"New Soul," the debut single from Yael Naim, has shot to the top of the download charts and sold hundreds of thousands of copies in the last few weeks, all based on a 30-second snippet of her song in the Apple campaign for its groovy new superthin notebook.
[From Apple ad creates recognition for Yael Naim]
Admittedly, it's an arresting snippet.
"New Soul" sounds very much like its title: something freshly born. Given Naim's sprightly voice, and the airy instrumentation around it, the recording sounds carbonated. It's a fizzy splash of a thing.
Got this delivered today (actually for D, she's brushing up on her Herbrew), and like it. Infectious Hebrew pop, with some French, and some English. Having heard it close to 43,000 times as part of the Mac Book Air ad might have aided, but the album contains other as good or better songs. Check it out.
It's ironic that Naim has had success using a sound created without commercial expectations. In contrast, her more contrived earlier work bombed.
The 30-year-old got her break during a show in Paris in 2000, when producers saw her and signed her to EMI. But she felt the music she did there was compromised.

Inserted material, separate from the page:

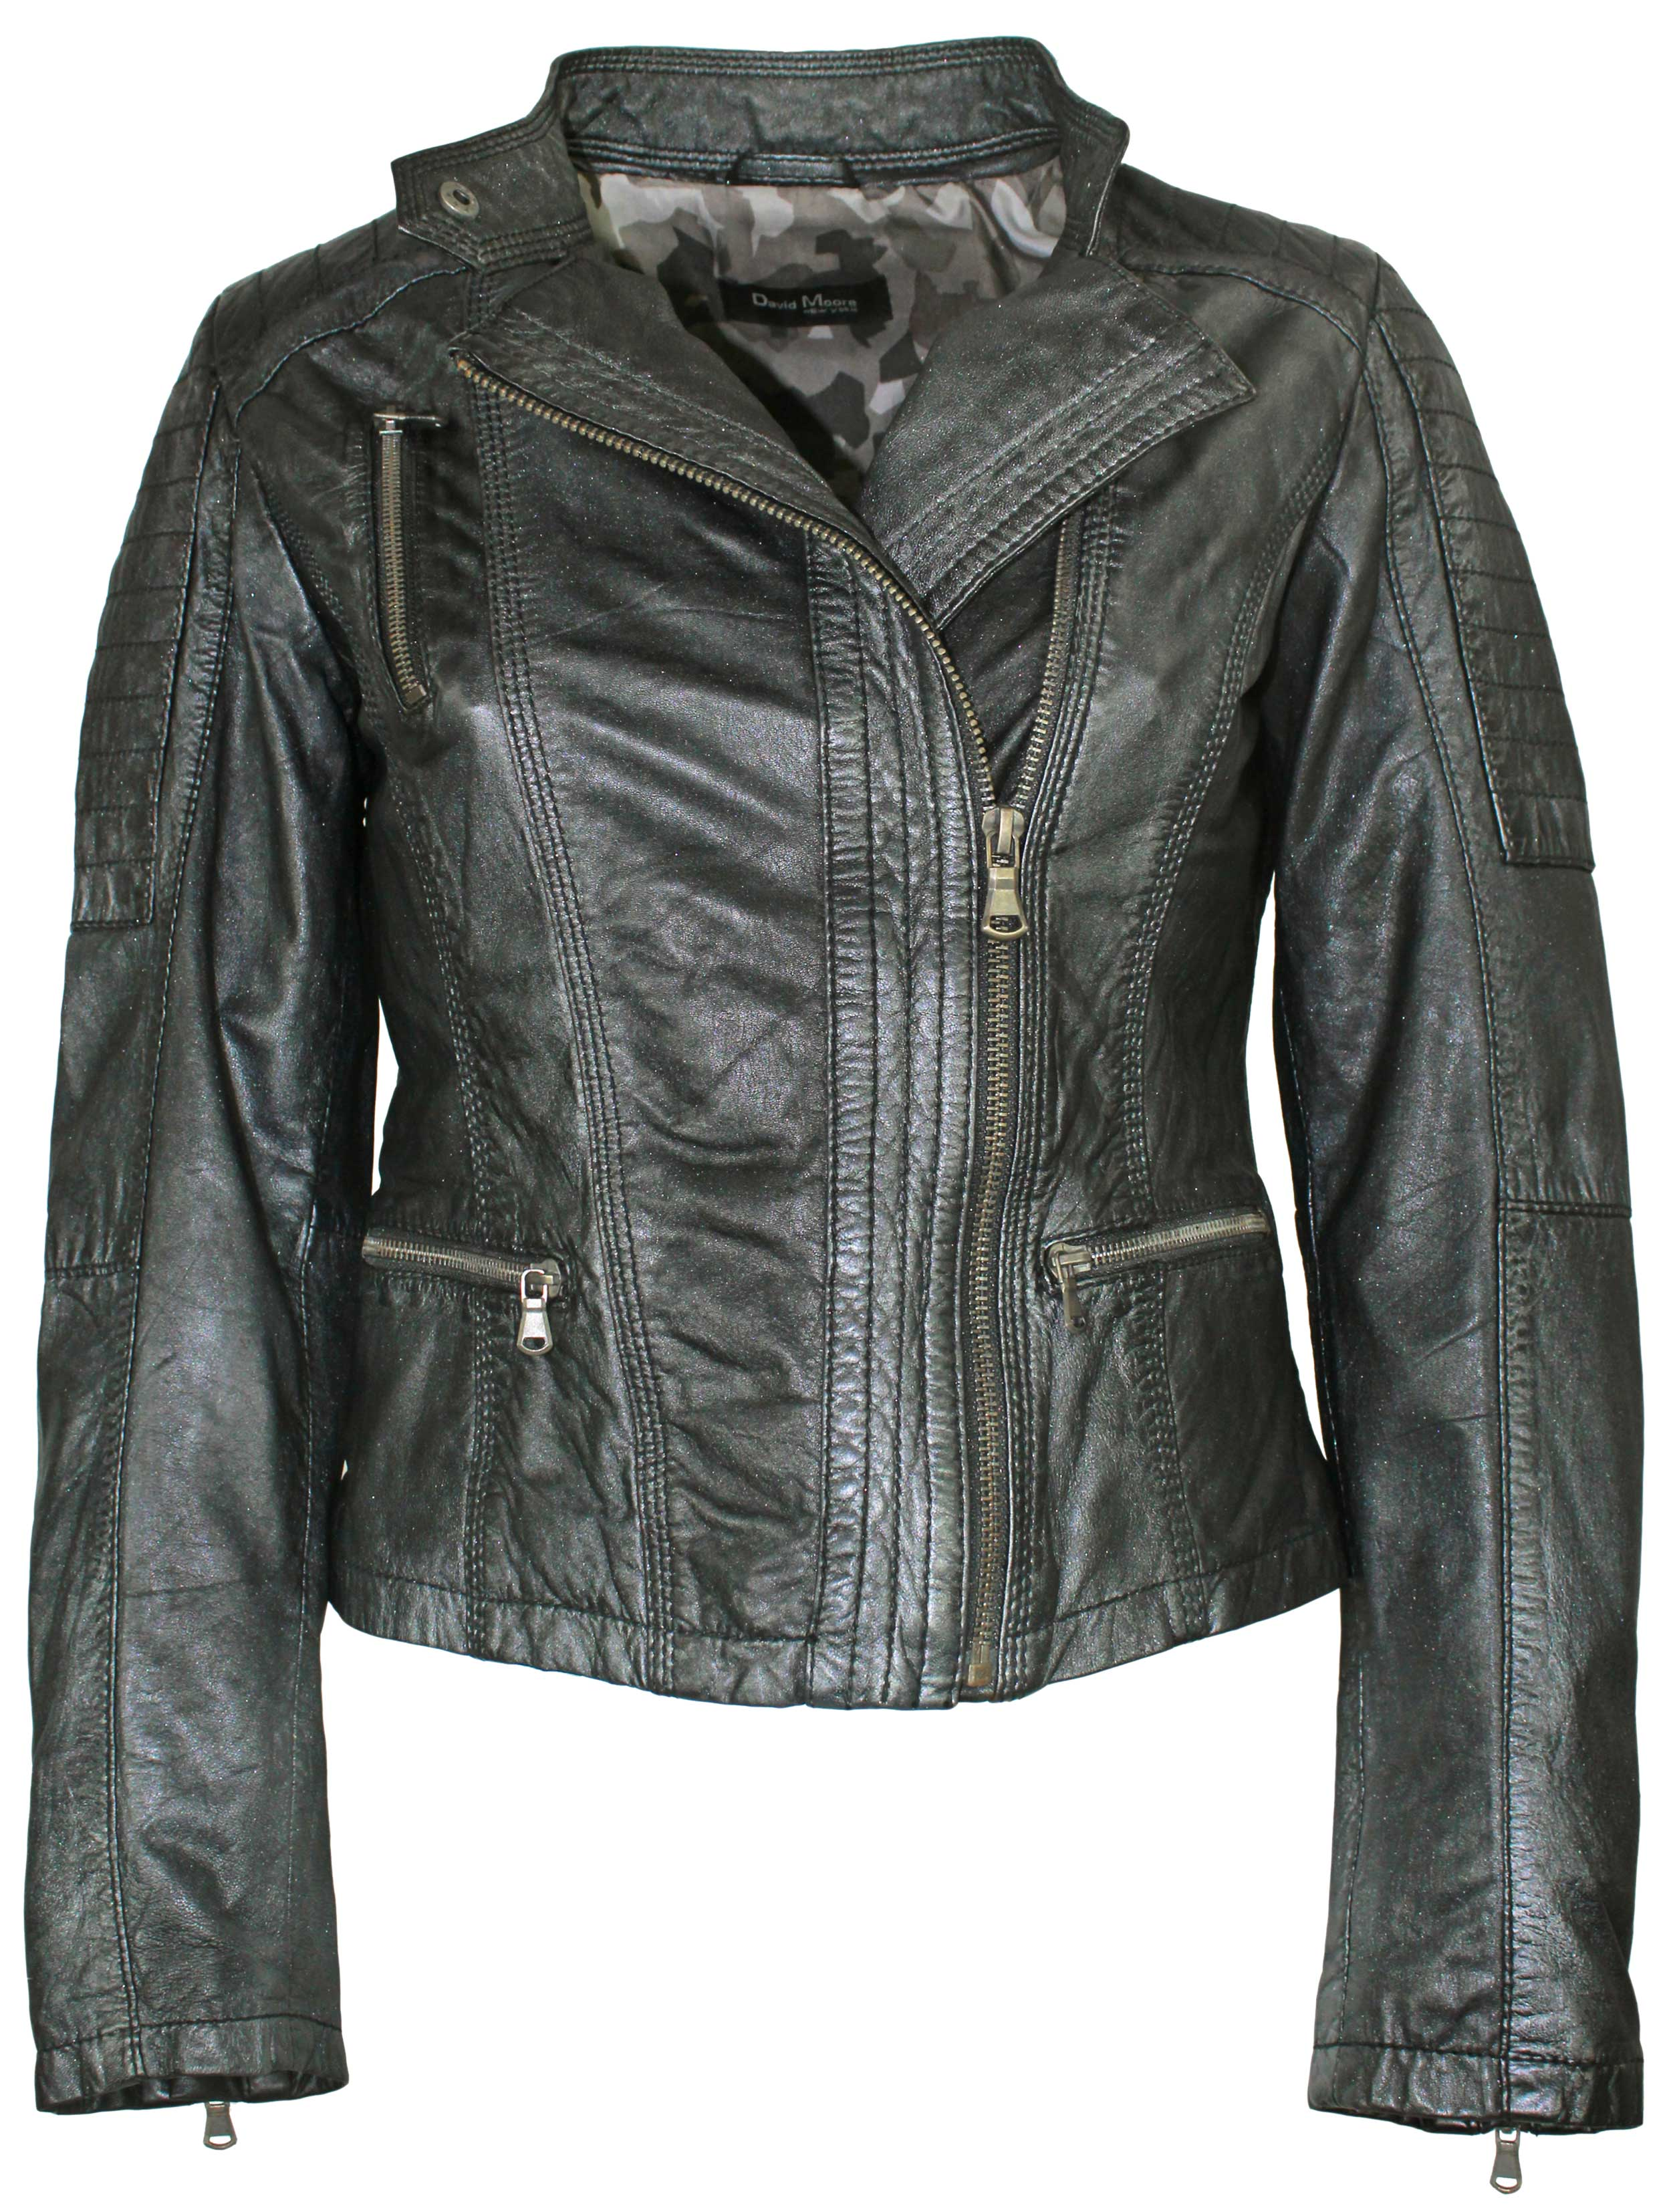 David Moore Damen Lederjacke Lammnappa schwarz silber | 99,95 EUR

In 2004, things began to turn around when Naim met Parisian percussionist David Donatien. She played her songs for him and he heard something in them: a rare innocence. "He was the first person to trust me," she says.
They spent the next two years honing their sound, cutting the album entirely on their own with no record company interference. Small wonder there's a playfulness to the arrangements, with lots of quirks. It's a clean, spare sound that almost aches with sincerity. A rare ironic moment finds the pair covering Britney Spears' "Toxic," but their version drains out all the production contrivance. In Naim's hands, "Toxic" becomes another yearning ballad. "It was the most extreme thing I could find in commercial music," says Naim. "It was a funny exercise."